Bruiser and Bust explota con una fuerza brutal. Empieza con un giro y luego se impulsa para saltar en el aire mientras corcovea. Patea con sus patas traseras hacia un lado cuando aterriza para intentar hacerme perder el equilibrio.
Yo lo estoy leyendo; cada temblor, movimiento y cambio en sus músculos es como un libro abierto para mí mientras él se prepara para atacar.
Lo animo un poco para lograr los movimientos necesarios y mantener la puntuación más alta antes de que se acabe el tiempo. En un último intento por tirarme de su lomo, Bruiser and Bust gira hacia la izquierda.
Él corcovea y luego salta otra vez. Patea con sus patas traseras y aterriza justo cuando suena la alarma de los ocho segundos. Como no quiero tentar más a la suerte, suelto rápido la cuerda del toro y paso mi pierna por encima de su lomo para impulsarme y bajar.
Caigo al suelo sobre mi hombro y me lastimo una vieja herida. Ruedo rápido hacia la cerca mientras los toreros guían a Bruiser and Bust hacia la salida.
Cuando el toro ya está detrás de la pared, suelto el aire que no sabía que estaba aguantando. Miro hacia el público y veo los ojos azules de mis sueños devolviéndome la mirada. Siento que me quedo sin aire por segunda vez en esta noche.
El público grita de emoción y rompe el hechizo. Parpadeo y miro la pantalla con mi puntuación: 81.75. Es mi mejor monta en esta serie y logré una puntuación válida para mi equipo.
Levanto el puño en el aire y vuelvo a buscar esos ojos profundos, pero ya han desaparecido como un fantasma en la niebla.
Saludo de nuevo al público, que sigue gritando mi nombre. Salto la cerca y veo a River saltando como un loco. Varios jinetes y fanáticas del rodeo se acercan para felicitarme.
Unas cuantas fanáticas intentan llamar mi atención. Entre ellas está Janice, que se acerca mucho y aprieta sus pechos contra mi pecho.
Ella fue divertida por un tiempo, pero al igual que las demás fanáticas, aburren muy rápido. Además, cuando sabes que han estado con casi todos los vaqueros del circuito, no son el tipo de persona con la que quieres tener algo especial.

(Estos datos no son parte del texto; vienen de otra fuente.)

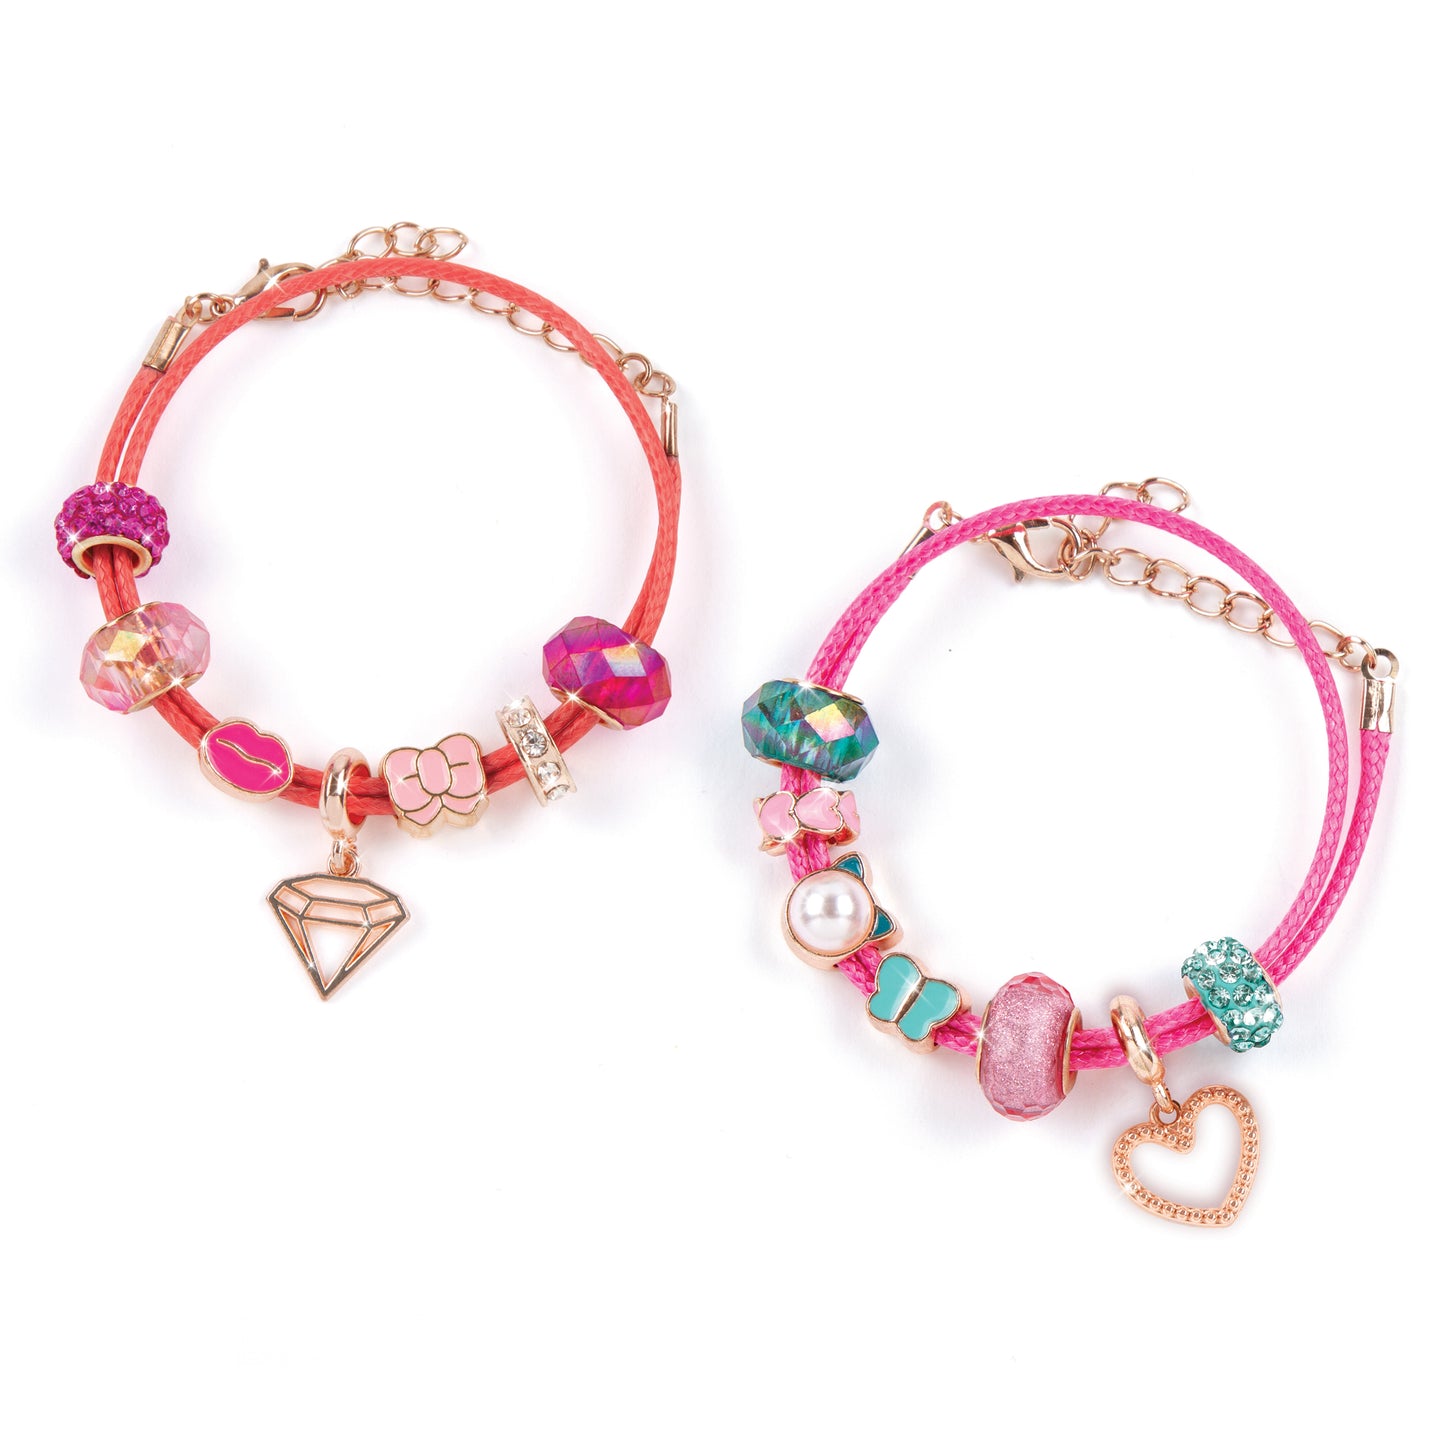 Halo Charms Bracelets: Pretty in Pink

Me abro paso entre la gente y le doy a River un abrazo de hombres.
«¡Amigo, esa fue una monta increíble! Probablemente una de las mejores hasta ahora», dice River con una gran sonrisa.
«Gracias, amigo. Tenía que mostrarle a Bruiser quién manda», respondo, muy orgulloso de la monta.
Cuando termina la última monta y se publican las puntuaciones, me llaman de vuelta a la pista llena del Simmons Bank Arena, que tiene espacio para dieciocho mil personas.
A medida que se muestran las puntuaciones, me mantengo en el primer lugar del evento. Si no me caigo del toro mañana, debería ganar el primer lugar y ayudar a mi equipo a tomar ventaja sobre los demás.